Early descriptions of Hanborough Terrace deposits record a variety of different exposures. According to Arkell (1947a, p. 202), 'a dozen large pits at Long Hanborough and Church Hanborough' had existed (or did exist) by 1947. The most famous site was Duke's Pit [SP 415 143], 0.5 km to the north-west of the present site, which was described by Sandford (1924), Richardson (1935) and Arkell (1947a, 1947c). Sandford (1924, 1925) also described a working known as Lay's Pit, Long Hanborough, near the northern edge of the gravel spread, and two pits in the Hanborough Terrace of the Cherwell at Kirtlington. Numerous less important exposures were described in the second Oxford memoir (Sandford, 1926), but the most extensive list of pits in the Hanborough Terrace was provided by Dines (1946) in the Witney memoir. In more recent years attention has been centred on the present site, to the south of Long Hanborough village, as well as on exposures at Dean Grove, c. 10 km upstream (Briggs and Gilbertson, 1973, 1974), and at Cassington (Kellaway et al., 1971).
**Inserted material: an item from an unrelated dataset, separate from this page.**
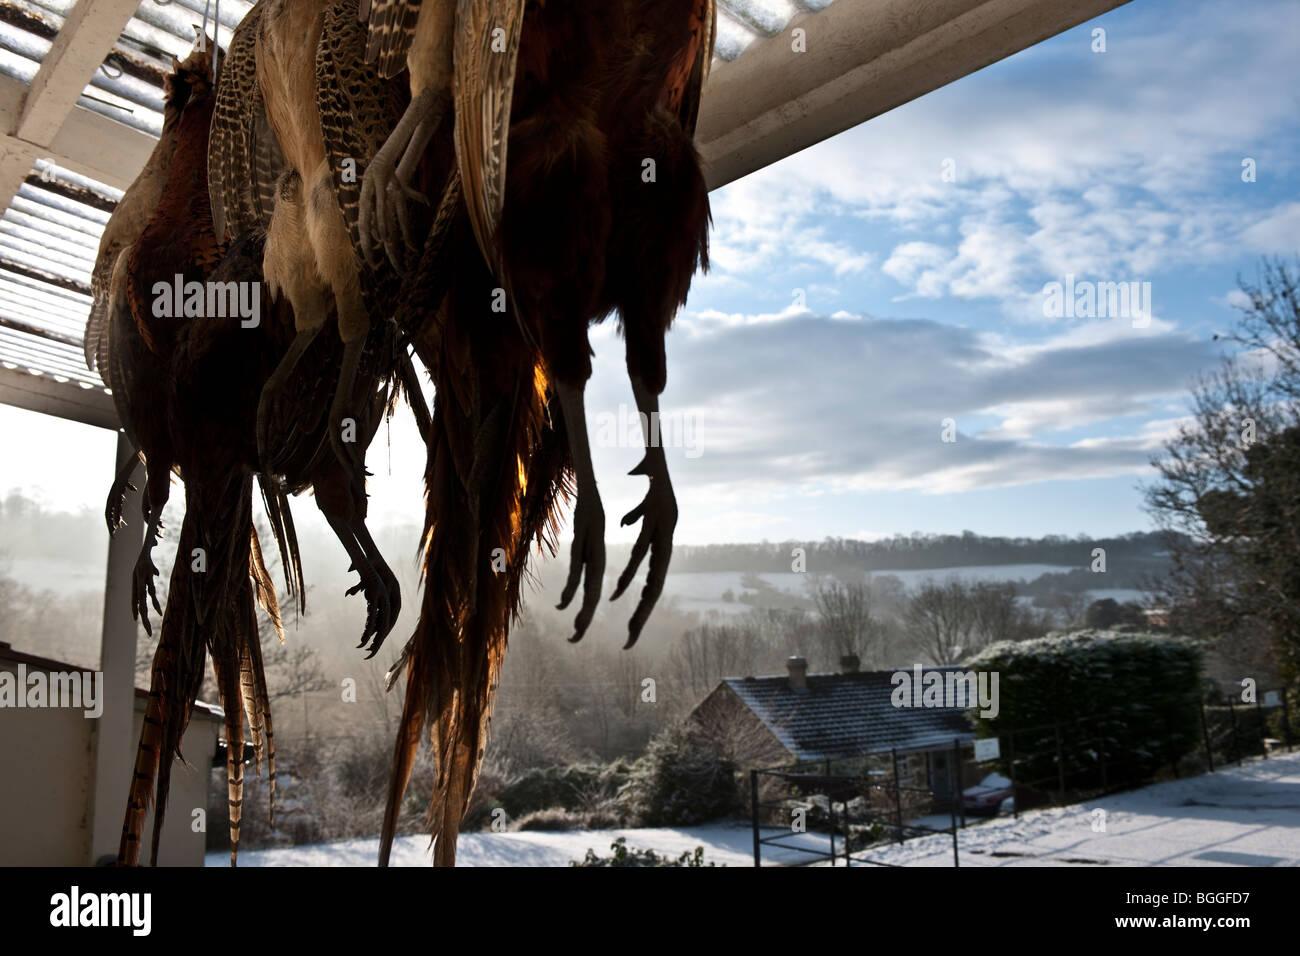 Fasane hängen draußen im Schnee Winter Land Stockbild

Sandford (1924) established that a number of mammalian species occurred in the gravel of the Hanborough Terrace, namely Palaeoloxodon antiquus (Falconer and Cantley), Mammuthus primigenius (Blumenbach), Dicerorhinus sp. (probably D. hemitoechus (Falconer)), Bos primigenius (Bojanus), Equus ferus (Bodaent) and Cervus elaphus (Falconer) (Sandford, 1924, 1925, 1926). Arkell (1947c) reported the discovery of an Acheulian hand-axe in Duke's Pit, Long Hanborough. This is the only palaeolith that can be attributed with certainty to the Hanborough Terrace gravel (Arkell, 1947c; Wymer, 1968; Roe, 1976; Briggs et al., 1985), although a previous record exists of an early find that probably came from these deposits (Anon., 1908; Manning and Leeds, 1921; Wymer, 1968).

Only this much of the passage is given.